Part of Jantar Mantar, the 18th century observatory at Jaipur, India. Click the image to see more incredible pictures. [Credit: GSZ on Flickr]
As regular readers of this blog know, I often think about the beauty that can be found in the scientific enterprise. Not all scientific instruments are as obviously aesthetic as Jantar Mantar, though I think many of them have a beauty of their own. I find it interesting that we (at least in modern culture) often regard technology to be most beautiful when it isn’t obviously technological. Jantar Mantar is so wonderfully geometrical, it looks like a work of art rather than a sophisticated scientific instrument.
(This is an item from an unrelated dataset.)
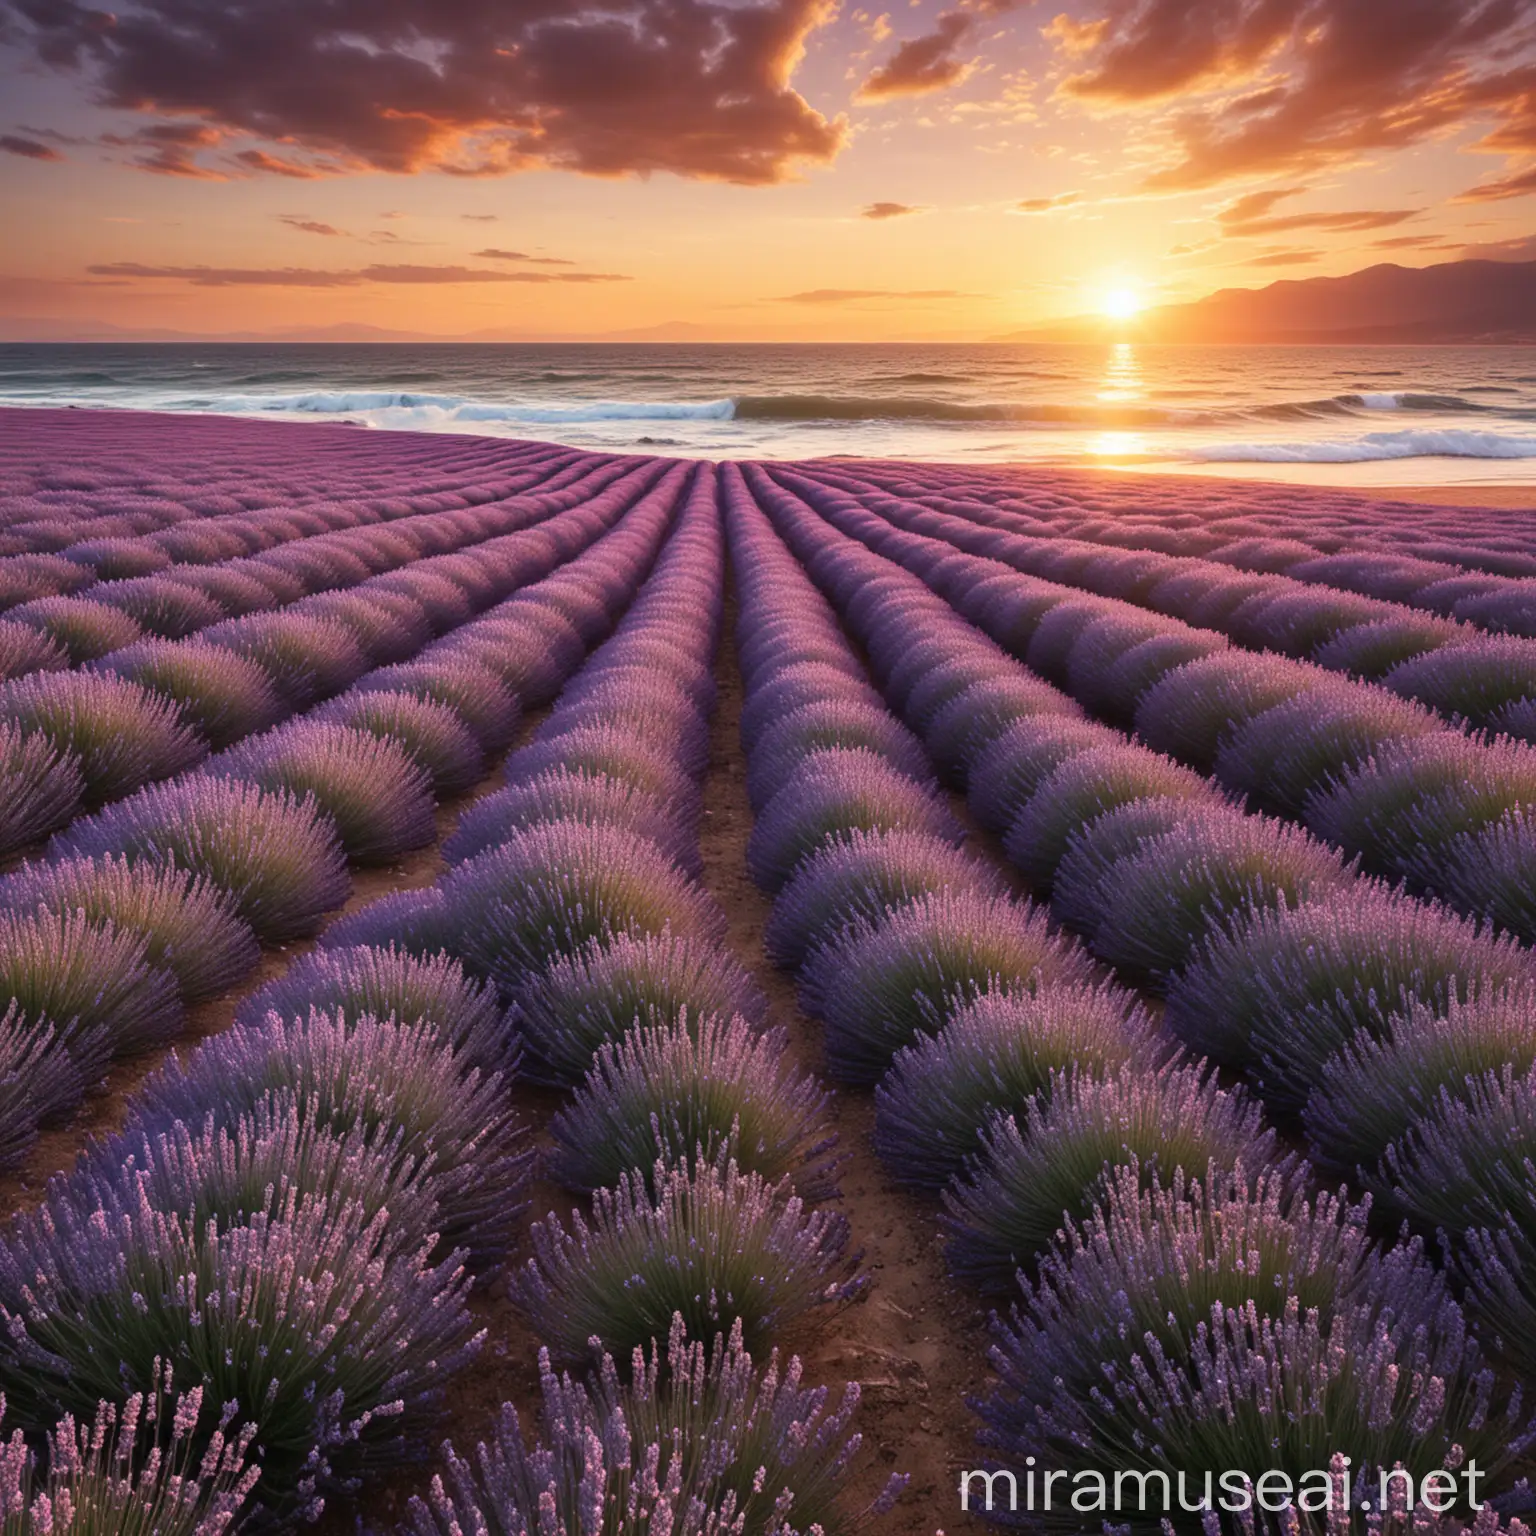 Serene Sunset Over Lavender Fields by the Turbulent Sea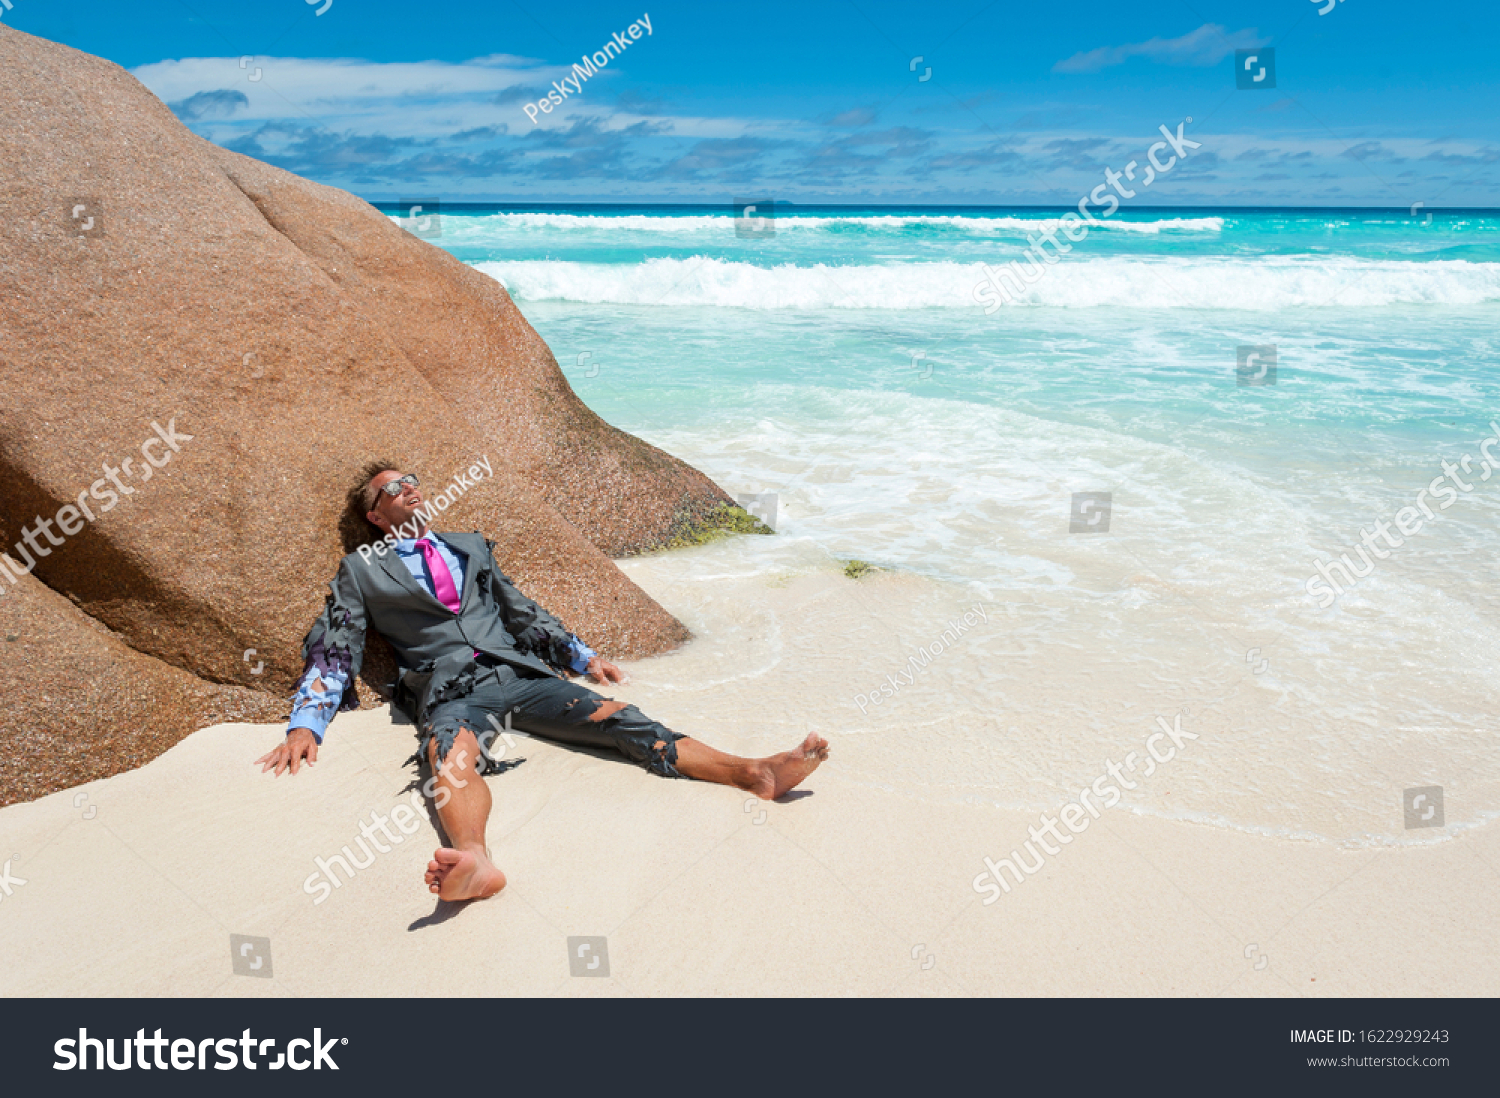 Survivor castaway businessman washed up on a tropical beach in a ragged torn suit #1622929243

But consider also the Yerkes Observatory in Wisconsin, which was built to be architecturally elegant while it’s far more obviously a telescope dome. I imagine they get many visitors there just to look at the building, even without the huge telescope inside.

I think this may be the most impressive image I’ve yet seen of the Sun. It shows a filament – a stream of gas shaped by the Sun’s magnetic field. [Credit: Bret Dahl/Astronomy Picture of the Day]
Some images can work on both levels. Consider the “new” image of Jupiter from Voyager 1—yes, that Voyager 1!—that was just posted at the Planetary Society to commemorate the 35th anniversary of the probe’s launch.

New mosaic of Jupiter, created from 1979 images taken by Voyager 1. Click on the image to see a much larger version, and to read the entire story of how Björn Jónsson made the mosaic – it’s fascinating to know how it was done, even though the image can be appreciated on its own. [Credit: NASA/JPL/Björn Jónsson]
I’ll leave this post with two more incredible images, both recent, both created in a similar way—while they commemorate very different achievements. The first: a view from Moon orbit of the Apollo 11 landing site, which NASA posted in honor of the death of Neil Armstrong last week.

The Apollo 11 landing site, as seen from Moon orbit by the Lunar Reconnaissance Orbiter (LRO). Let what you’re seeing sink in for a moment: the image includes the base of the Lunar Module, the camera Neil Armstrong famously left behind on the Moon’s surface, and the actual tracks left by Armstrong and Buzz Aldrin. [Credit: NASA/U. of Arizona]
The second image also is from orbit, but Mars orbit. No human has yet set foot on Mars, but the image commemorates a different kind of exploration: the robotic rover Curiosity.

The Curiosity rover, as seen from Mars orbit by the HiRISE camera on the Mars Reconnaissance Orbiter. The image is so clear you can see the shadow of the rover’s mast and hints of its wheels. [Credit: NASA/JPL/UA /Emily Lakdawalla]
Beauty—natural, artificial, intellectual—is brought forth and revealed by technology.